DATA PROVIDED:

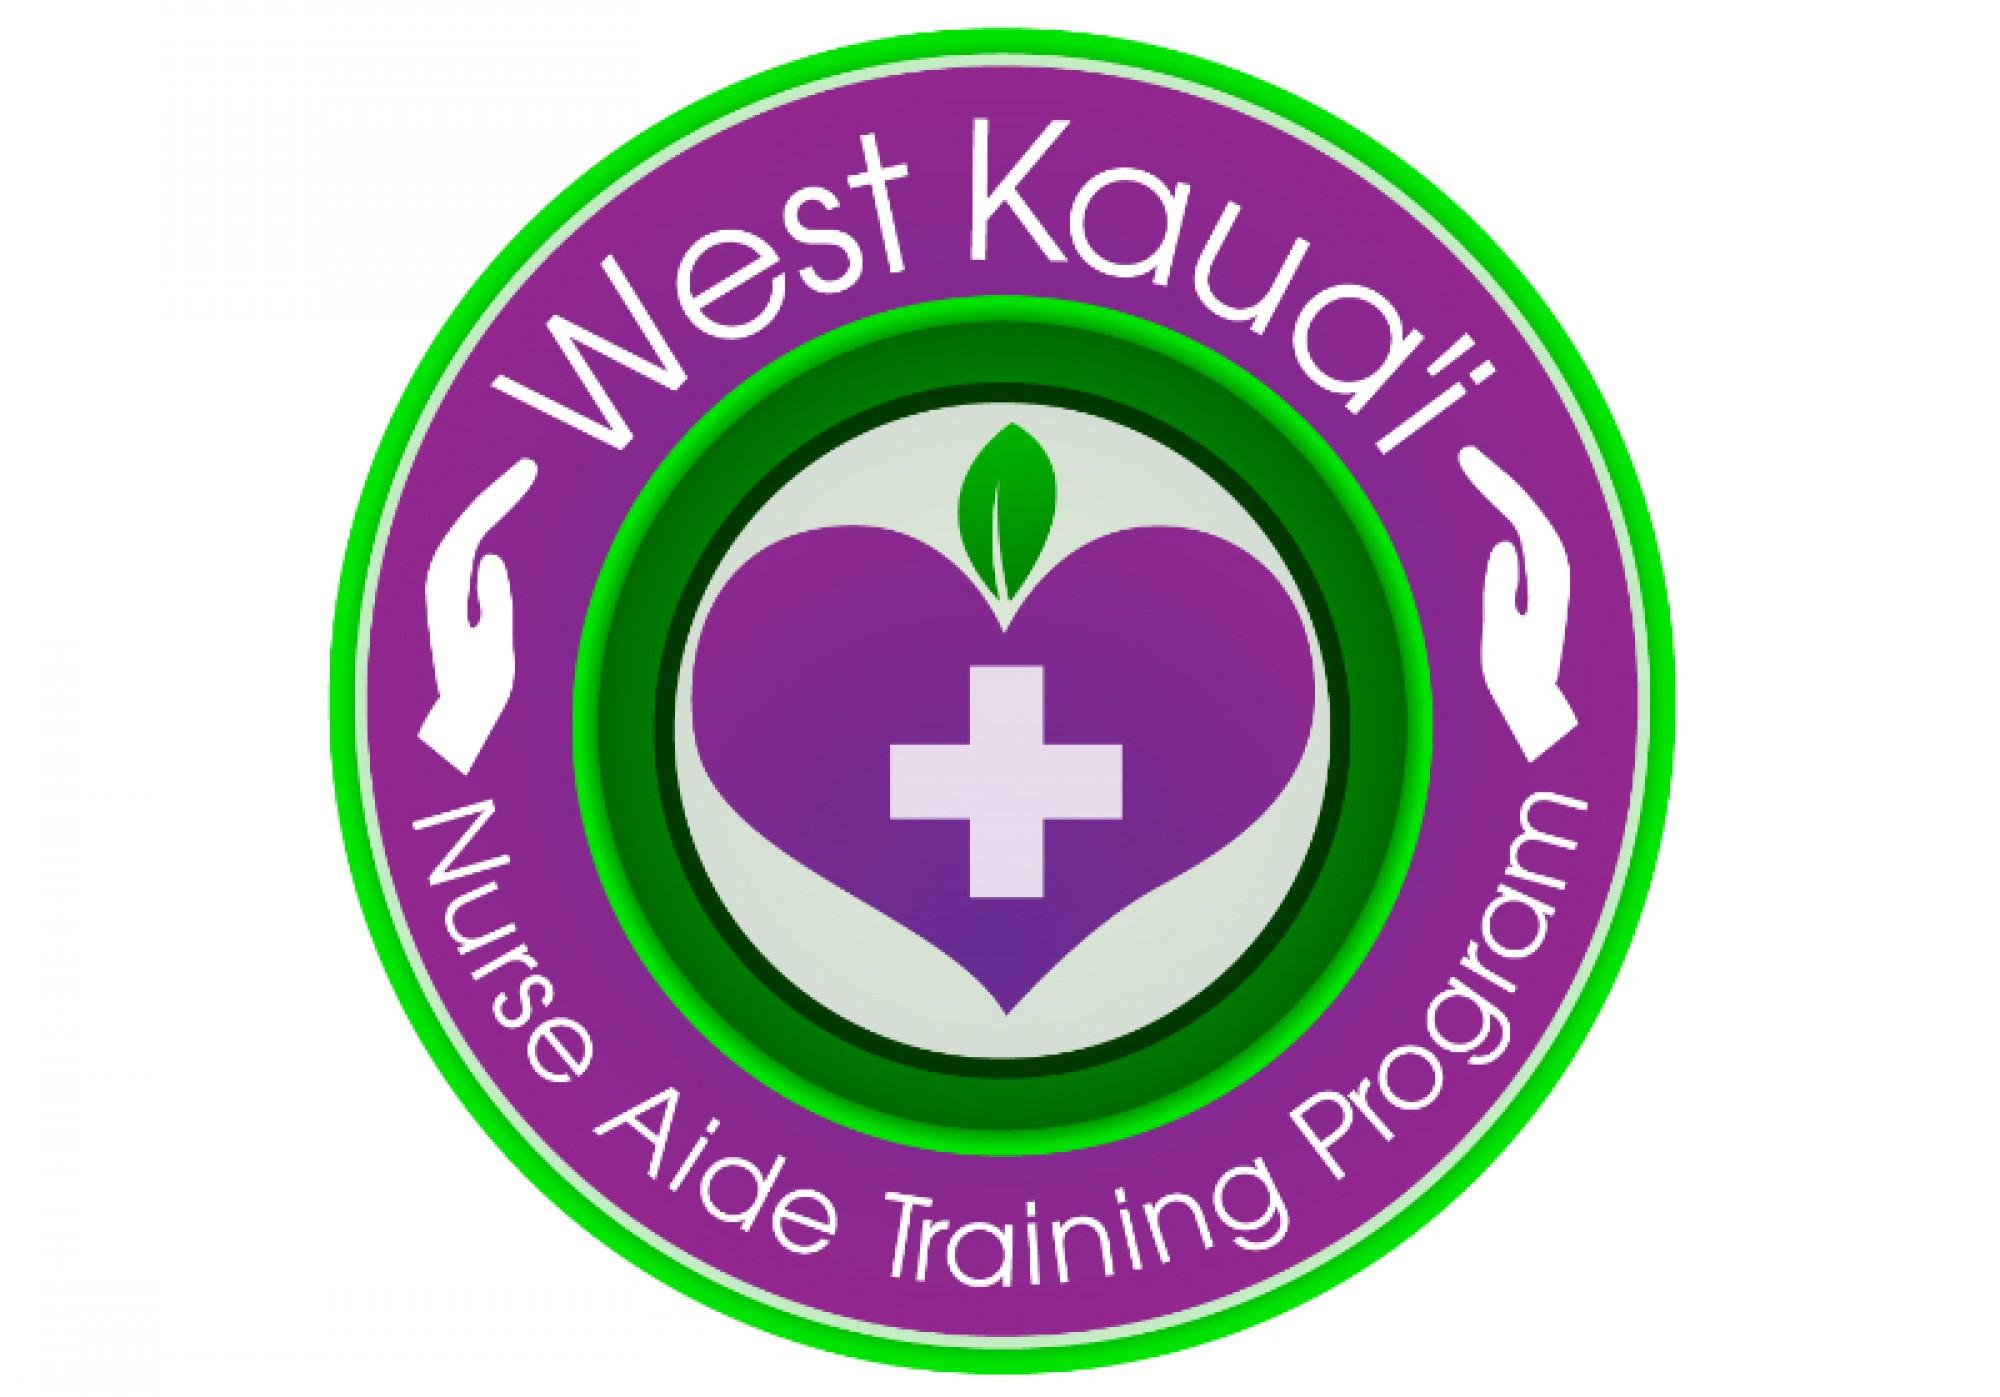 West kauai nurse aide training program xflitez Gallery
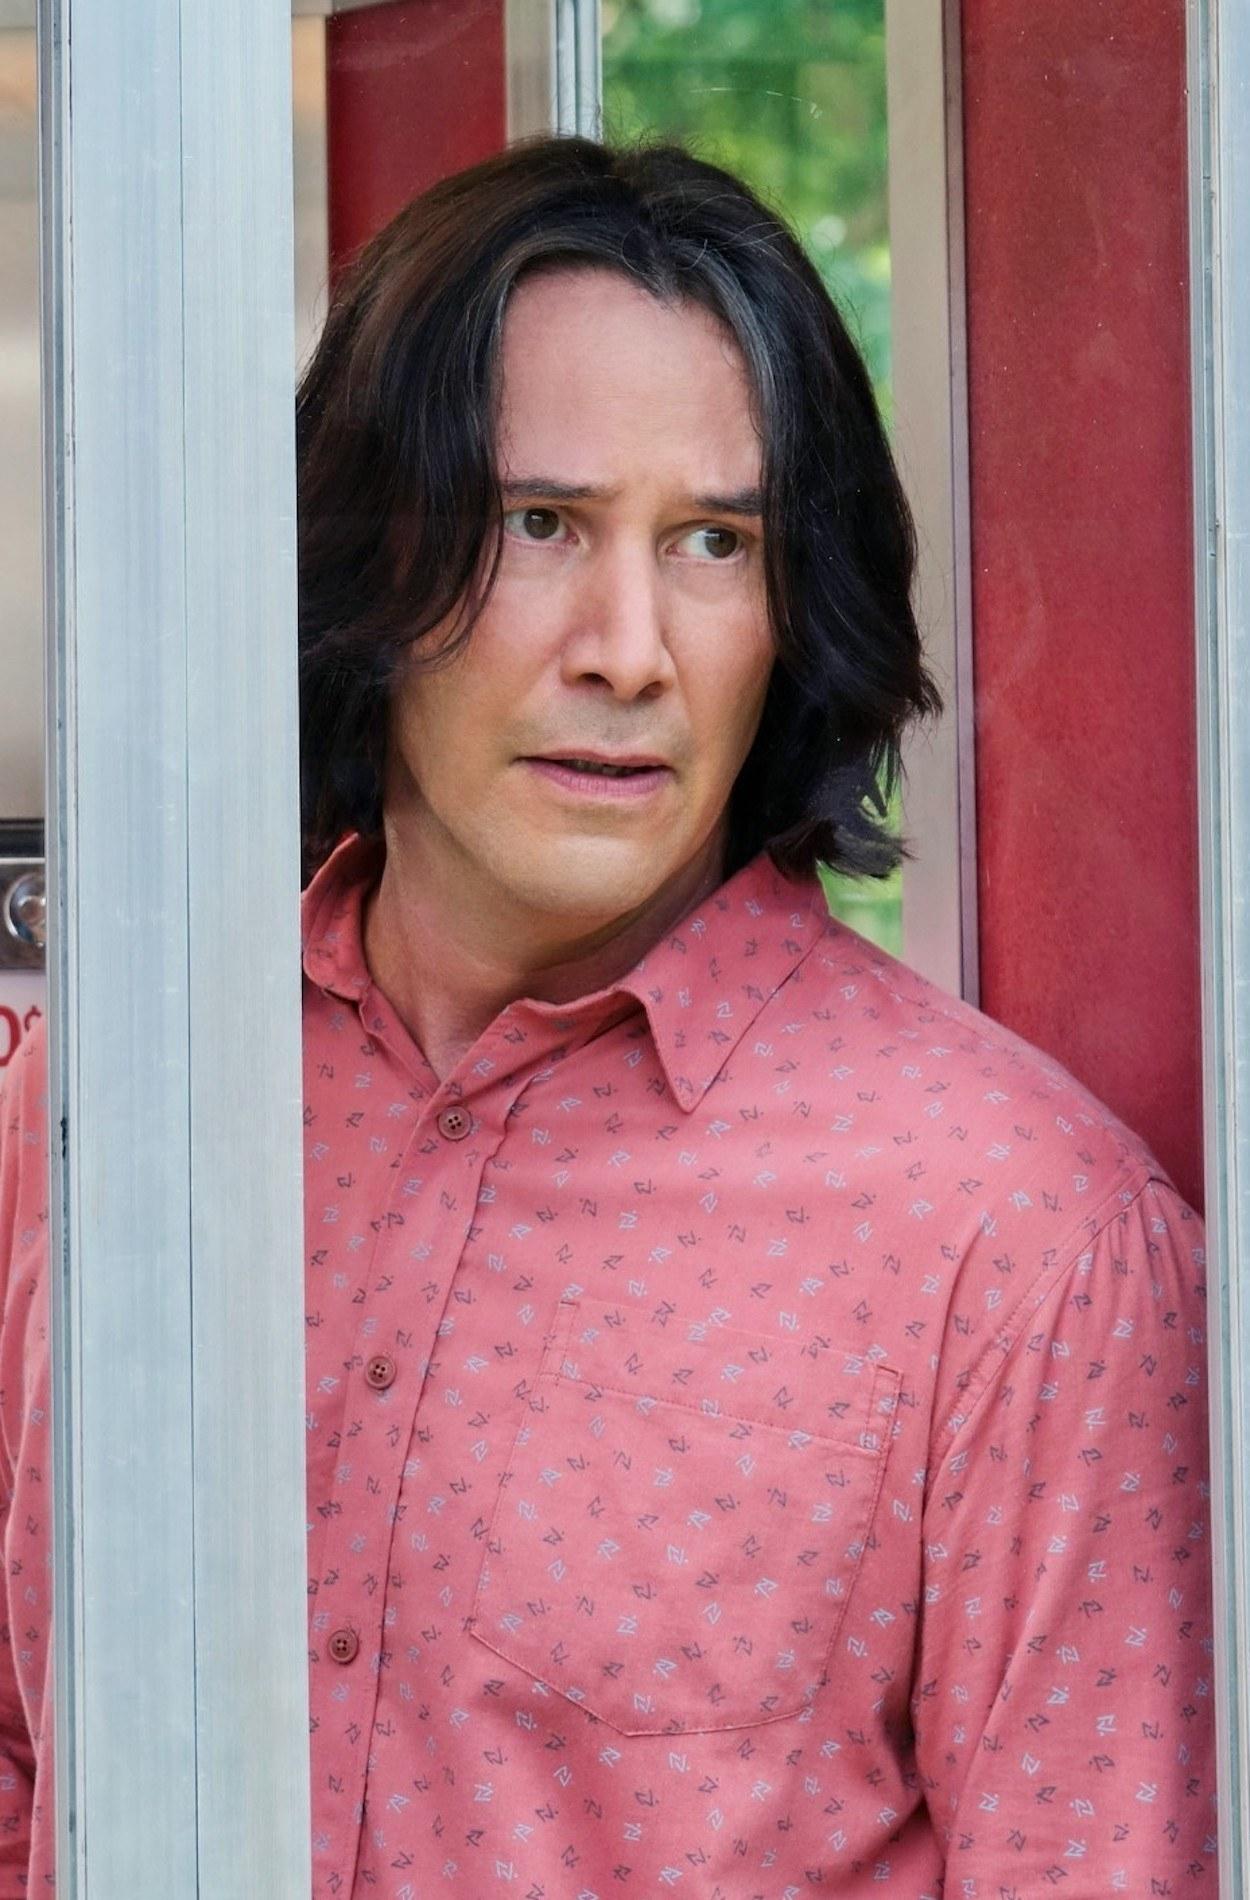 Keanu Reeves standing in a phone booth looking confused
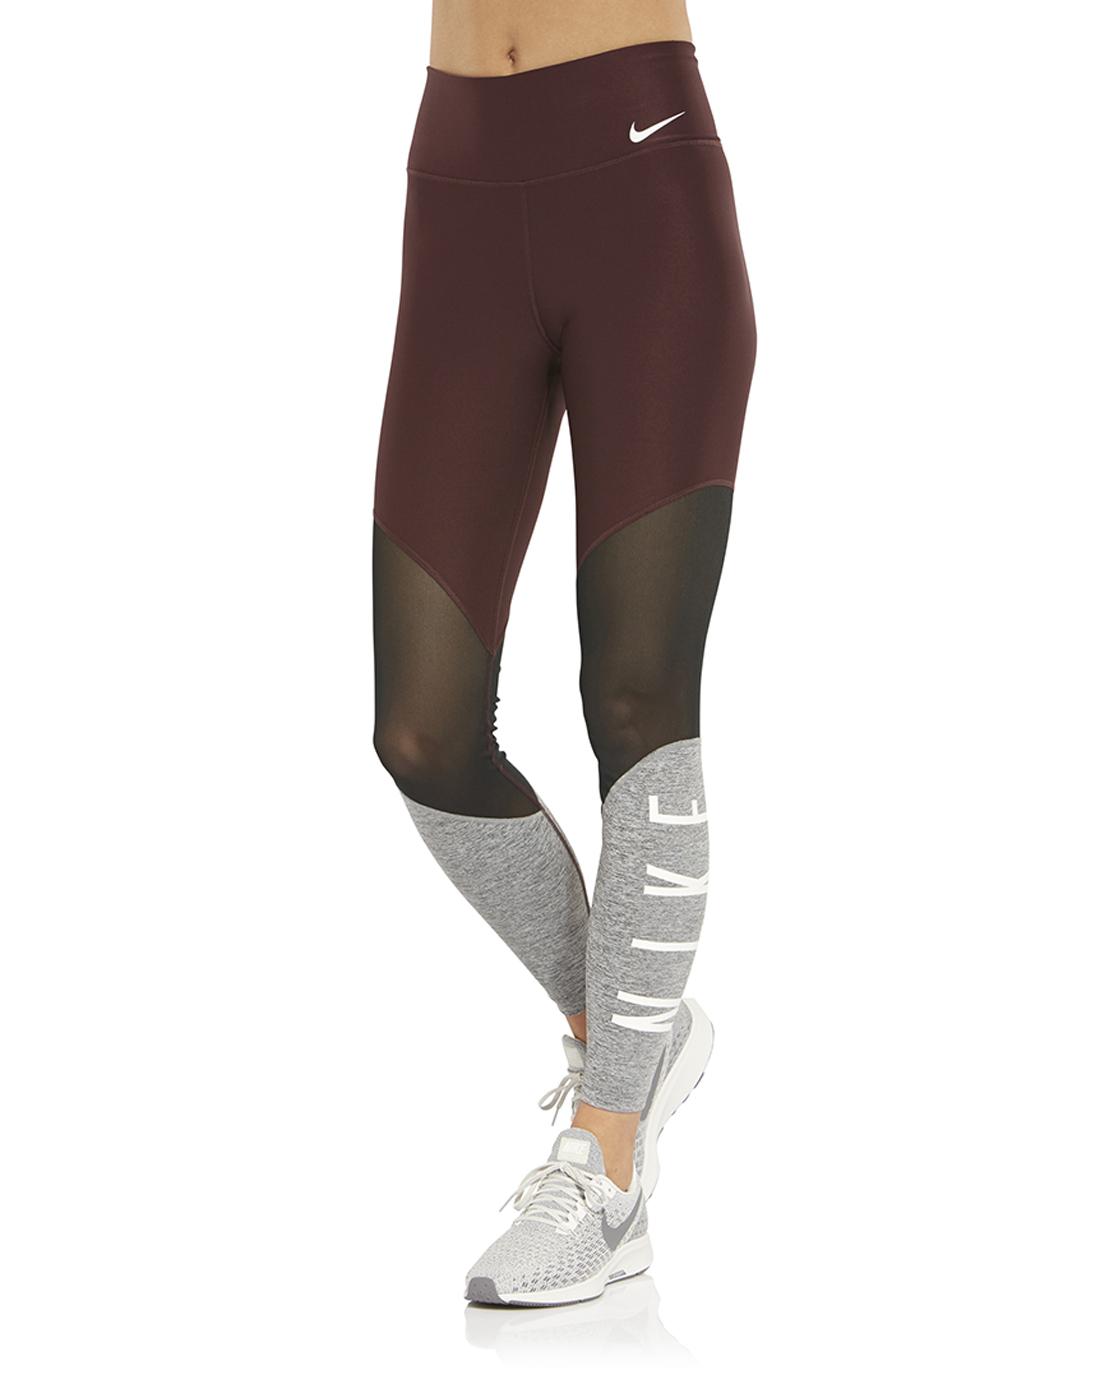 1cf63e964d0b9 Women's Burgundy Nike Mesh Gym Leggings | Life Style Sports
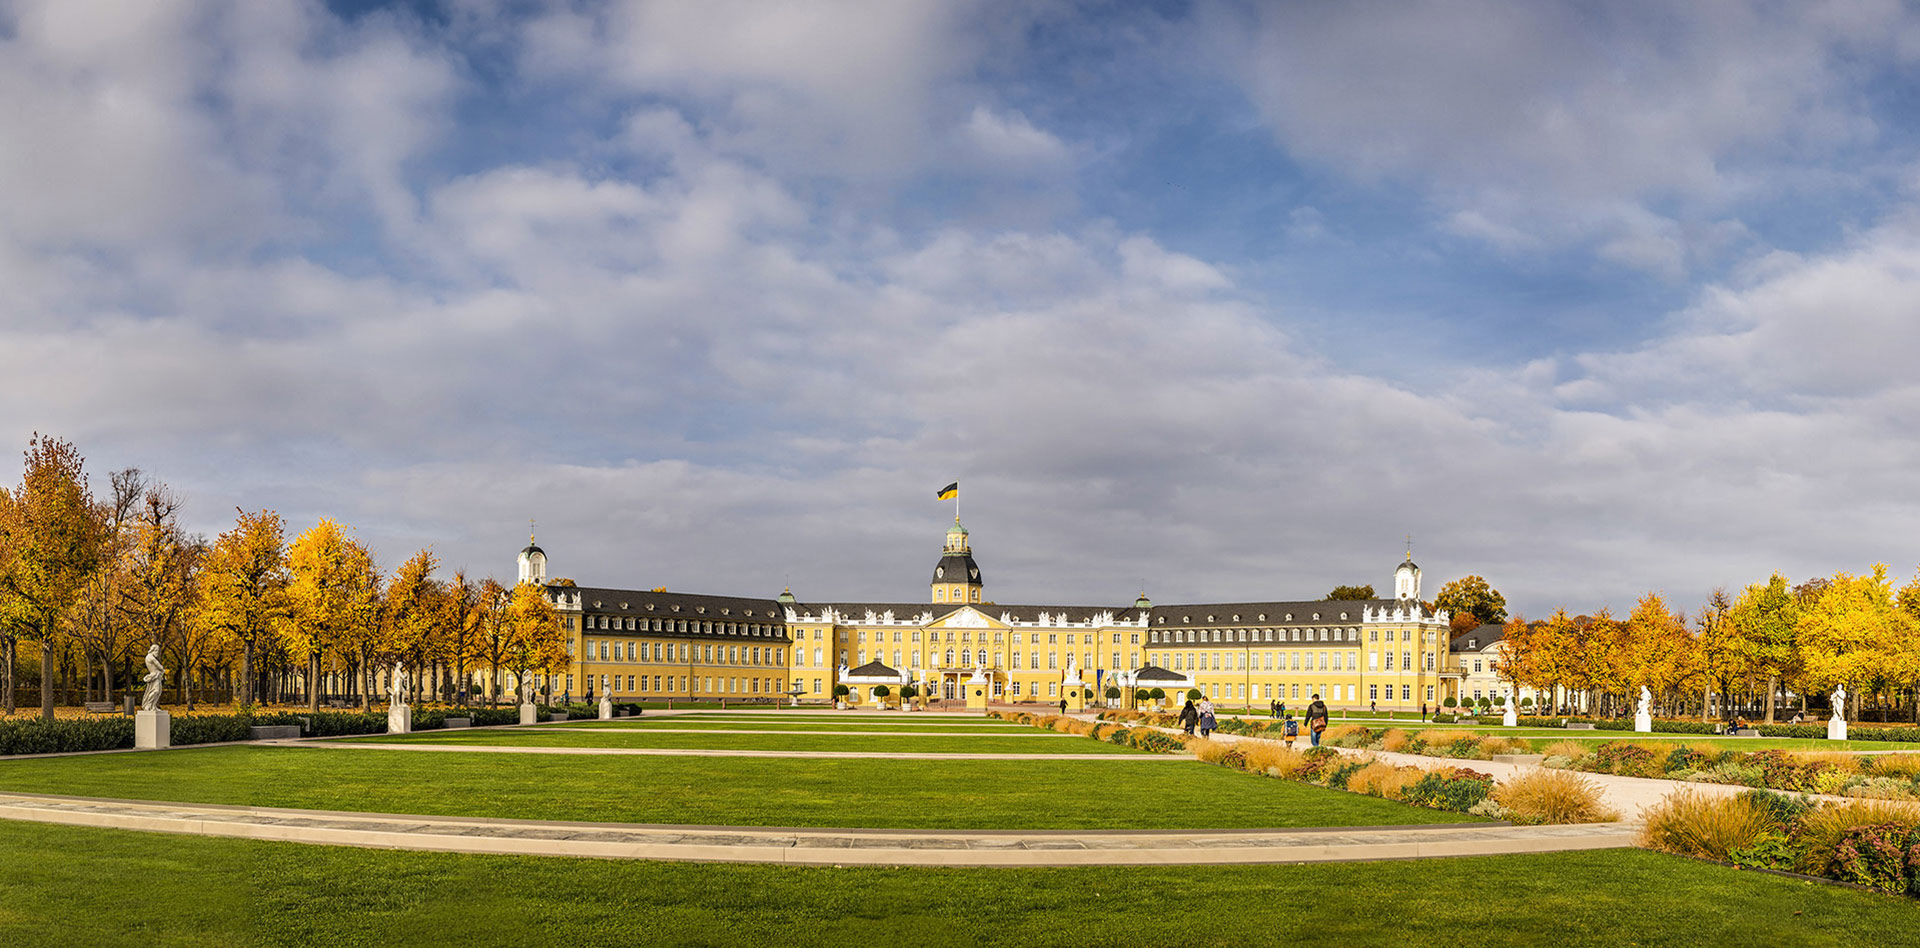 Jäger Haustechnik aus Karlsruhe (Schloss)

WHAT TO WORK ON: Keep the pictures out of the copy and return the rest of the data above exactly.

ANSWER FOR THIS EXERCISE:
 West kauai nurse aide training program xflitez Gallery
 Keanu Reeves standing in a phone booth looking confused
 1cf63e964d0b9 Women's Burgundy Nike Mesh Gym Leggings | Life Style Sports
 Jäger Haustechnik aus Karlsruhe (Schloss)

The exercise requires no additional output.